Financing & Taxes

Primary taxation issues facing the governments world over include; • Taxes on income and wealth (or estates).
• Taxation of capital gains versus labor income.
• Ecotax (short for Ecological taxation) refers to taxes intended to promote environmentally friendly activities via economic incentives.
• Tax evasion and avoidance leading to reduced government revenue.

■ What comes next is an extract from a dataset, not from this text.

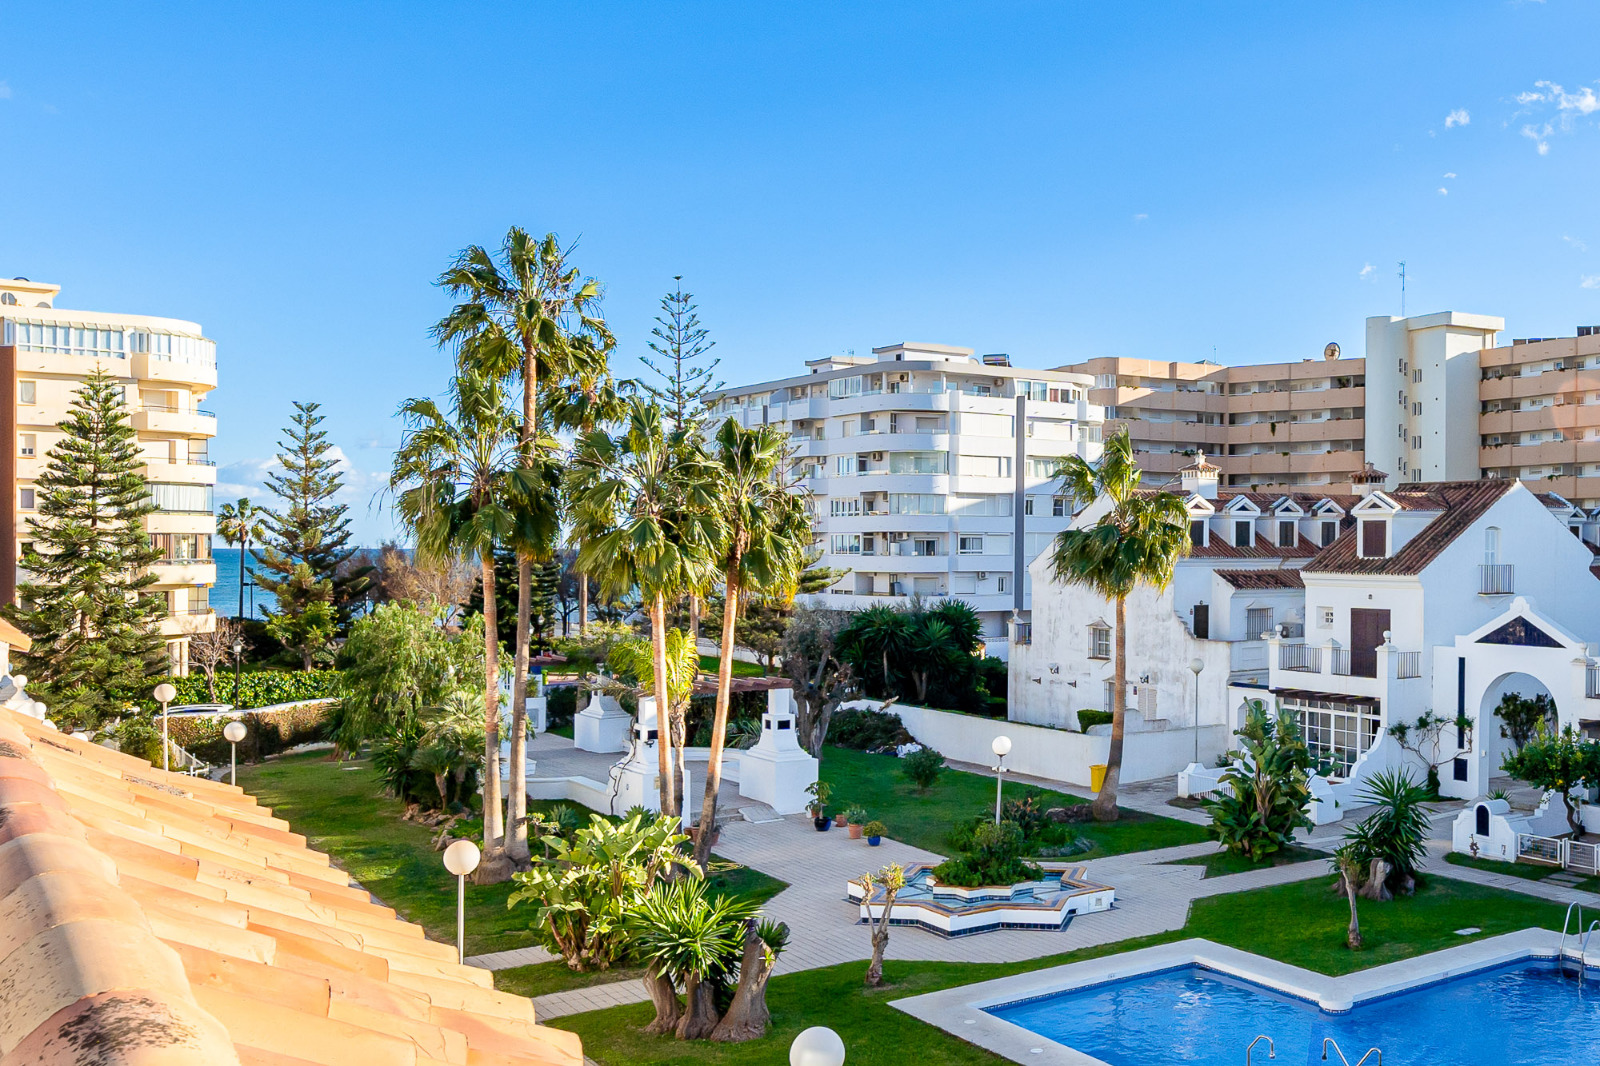 Malaga the best city to live in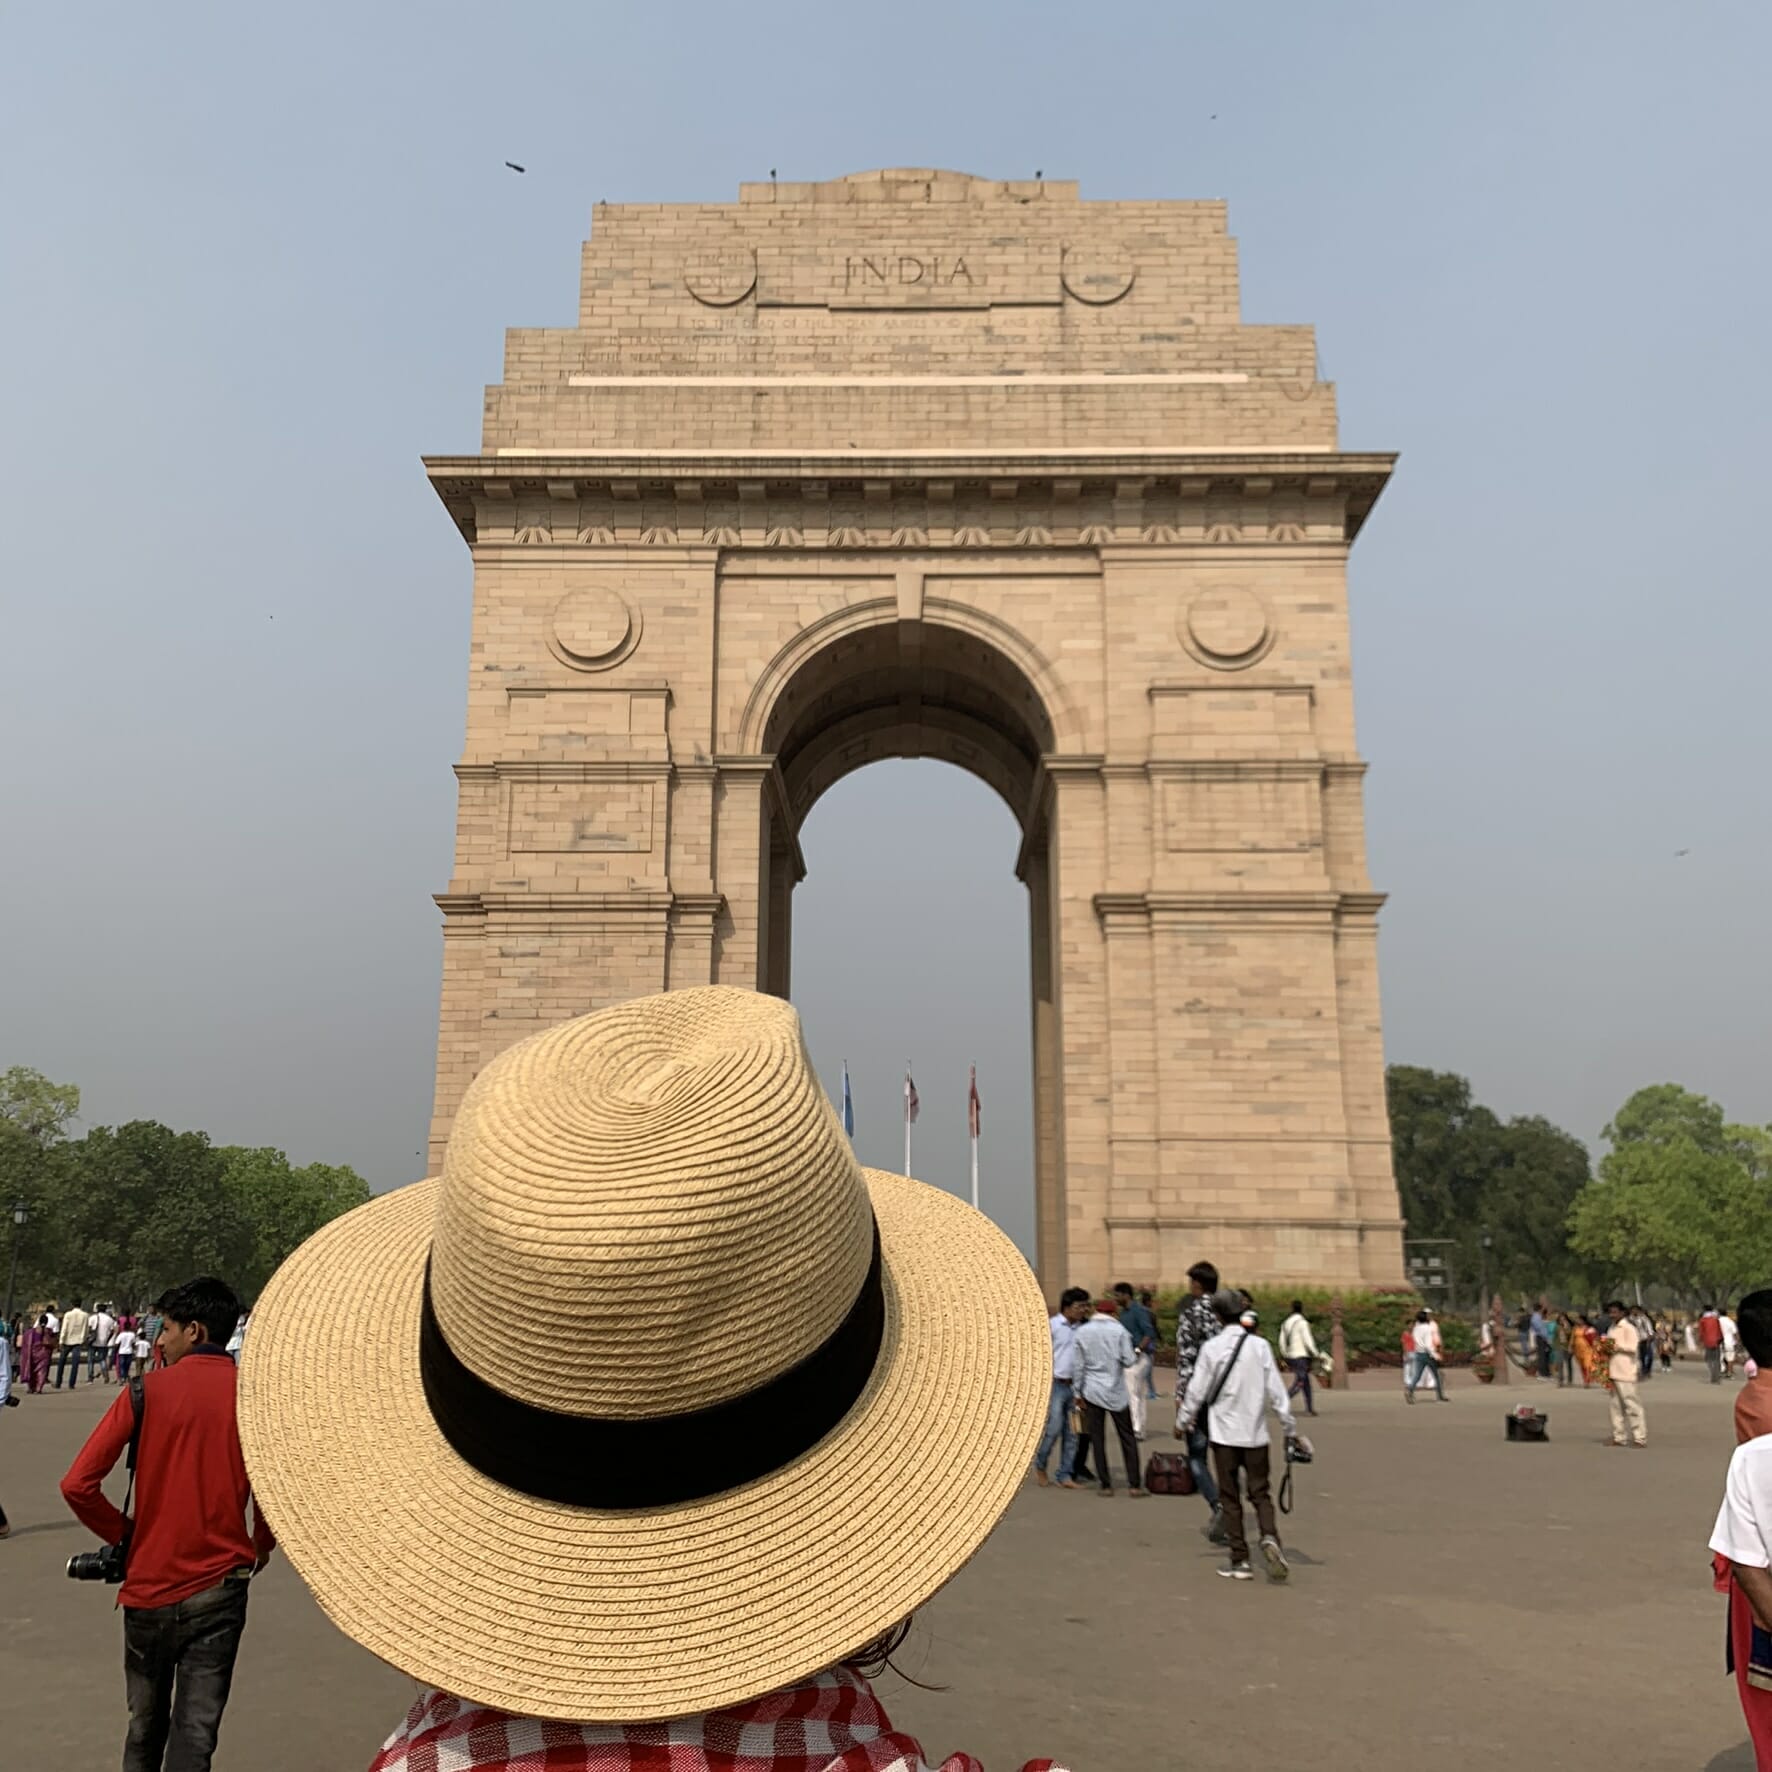 Boy posing in front of India gate - PixaHive

• Due to an Inefficient tax system in many underdeveloped countries, the majority of small businesses are not taxed

The United States of America has separate federal, state, and local government(s) with taxes imposed at each of these levels. Taxes are levied on income, payroll, property, sales, capital gains, dividends, imports, estates and gifts, as well as various fees. In 2010, taxes collected by federal, state, and municipal governments amounted to 24.8% of GDP. In the OECD, only Chile and Mexico are taxed less as a share of their GDP. However, taxes fall much more heavily on labor income than on capital income. Divergent taxes and subsidies for different forms of income and spending can also constitute a form of indirect taxation of some activities over others. For example, individual spending on higher education can be said to be "taxed" at a high rate, compared to other forms of personal expenditure which are formally recognized as investments. Taxes are imposed on net income of individuals and corporations by the federal, most state, and some local governments. Citizens and residents are taxed on worldwide income and allowed a credit for foreign taxes. Income subject to tax is determined under tax accounting rules, not financial accounting principles, and includes almost all income from whatever source. Most business expenses reduce taxable income, though limits apply to a few expenses. Individuals are permitted to reduce taxable income by personal allowances and certain non-business expenses, including home mortgage interest, state and local taxes, charitable contributions, and medical and certain other expenses incurred above certain percentages of income. State rules for determining taxable income often differ from federal rules. Federal tax rates vary from 10% to 39.6% of taxable income. State and local tax rates vary widely by jurisdiction, from 0% to 13.30% of income,[4] and many are graduated. State taxes are generally treated as a deductible expense for federal tax computation. In 2013, the top marginal income tax rate for a high-income California resident would be 52.9%.